Below, permanent anchors from my other blog, South Beach Hoosier

IT'S ALL ABOUT "THE U"

It\ South Beach Hoosier's first U-M football game at the Orange Bowl was in 1972, age 11, against Tulane in the infamous "Fifth Down" game. In order to drum up support and attendance for the U-M at the Orange Bowl, that game had a promotion whereby South Florida kids who were school safety patrols could get in for free IF they wore their sash. I did.
Clearly they knew that it was better to let kids in for free, knowing their parents would give them money to buy food and souvenirs, perhaps become a fan and want to return for future games. The ballgame made an interesting impression on The New York Times, resulting in this gem from the "View of Sport" column of Oct, 14, 1990, labeled 'Fifth Down or Not, It's Over When It's Over.' -"In 1972, aided by a fifth-down officiating gift in the last moments of the game, Miami of Florida defeated Tulane, 24-21.
The country and the world was a much different place that fall because The New York Times took time and space to editorialize on the subject.
''Is it right for sportsmen, particularly young athletes, to be penalized or deprived of the goals for which they earnestly competed because responsible officials make mistakes? The ideal of true sportsmanship would be better served if Miami forfeited last week's game.'
South Beach Hoosier hardly needs to tell you that this was YET another New York Times editoral that was completely ignored!
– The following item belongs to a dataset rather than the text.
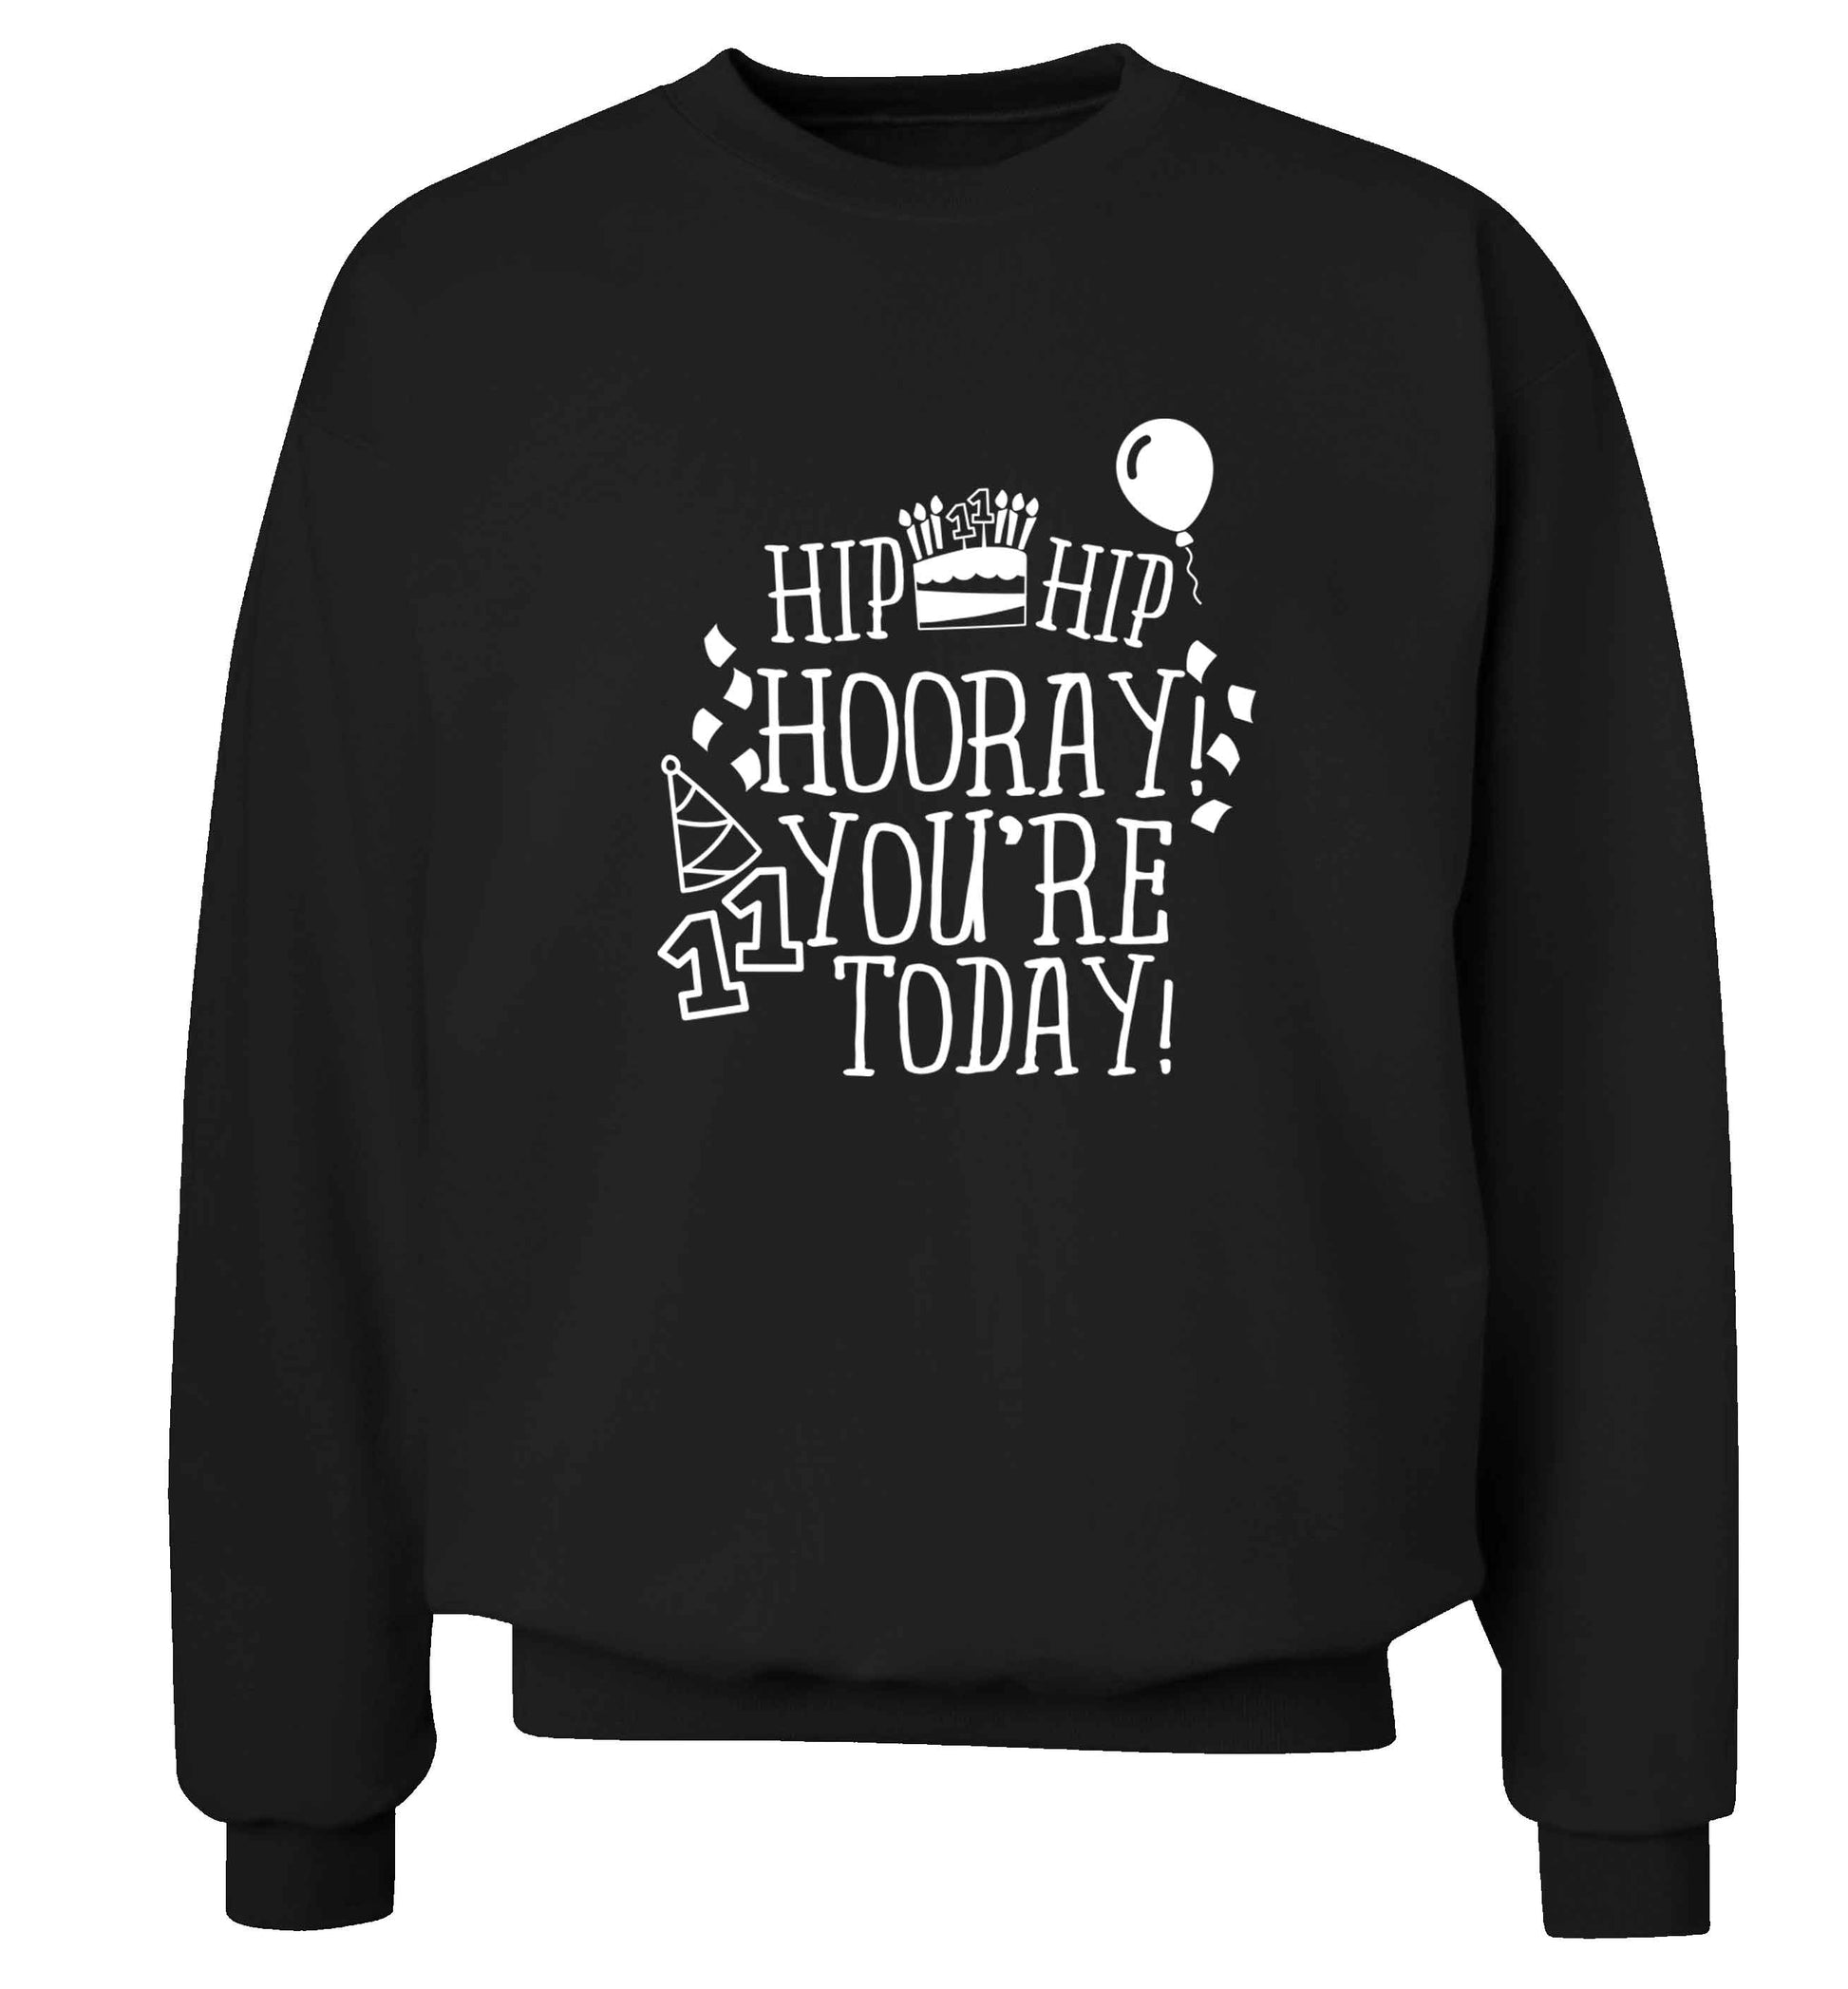 Hip hip hooray I you're eleven today! adult's unisex black sweater 2XL

SEBASTIAN THE IBIS, THE SPIRITED MASCOT OF THE UNIVERSITY OF MIAMI HURRICANES

Sebastian the Ibis, the Spirited Mascot of the University of Miami Hurricanes Before going to my first U-M game at the Orange Bowl in 1972, a friend's father often would bring me home an extra 'Canes game program. That's how I came to have the Alabama at U-M game program from Nov. 16, 1968, which was the first nationally-televised college football night game in color. (A 14-6 loss to the Crimson Tide.) After that first ballgame against Tulane, as l often did for Dolphin games if my father wasn't going, I'd get dropped off at the Levitz parking lot near the State Road 836 & I-95 Cloverleaf in North Miami Beach, and catch a Dade County Park & Ride bus, going straight to the Orange Bowl. Onboard, I'd get next to the window and listen to WIOD's pre-game show on my Radio Shack transistor radio.
A few times, I was just about the only person onboard besides the bus driver, which was alright by me. Once at the Orange Bowl, if I didn't already have a ticket, I'd buy a game program for myself and one or two for friends or teachers before heading to the ticket window, since you usually couldn't find a program vendor once inside. I probaly had a friend or my father with me for just under 40% of the U-M games I ever went to, but you have to remember that the team, though blessed with several talented players, like Chuck Foreman and Burgess Owens, was just so-so to average at best, and the games were usually played on Friday nights, so it wasn't exactly high on everyone's list of things to do.
Depending upon the opponent, if I was alone, I'd often have entire areas of the Orange Bowl to myself. (Wish I had photos of that now!)
For instance, I had a good portion of the East (open) End Zone to myself against Oklahoma in the mid-70's, when the Boomer Schooner and the Schooner Crew went out on the field after an Oklahoma TD, and the Schooner received an unsportsmanlike conduct penalty from the refs, as would happen years later in an Orangle Bowl Classic game.
(Against FSU?)
I was there for the wins and losses under Pete Elliott, Carl Selmer & Lou Saban, and the huge on-field fight in '73 when under eventual national champion Notre Dame (under Ara Parseghian), they called a time-out with less than a minute to go, and already up 37-0. Their rationale?
To score another TD and impress the AP football writers;
final score 44-0. Well, they got their wish and beat Alabama 24-23 for the title at the Sugar Bowl.
A year later, thanks to my Mom's boss, she and I saw Ara's last game as head coach of the Irish in the Orange Bowl Game from the East End Zone
-in front of the Alabama cheerleaders!!!- in an exciting 13-11 Notre Dame win over Alabama and Bear Bryant, a rematch of the '73 national title game.
I was also present for the U-M's huge 20-15 win under Pete Elliott against Darrel Royal's Texas Longhorns, the week Sports Illustrated's College Football preview issue came out with Texas on the cover, below.
I was also present for lots of wins against schools called College of the Pacific, UNLV and Cal-Poly San Luis Obsispo, which I'd then never heard of before.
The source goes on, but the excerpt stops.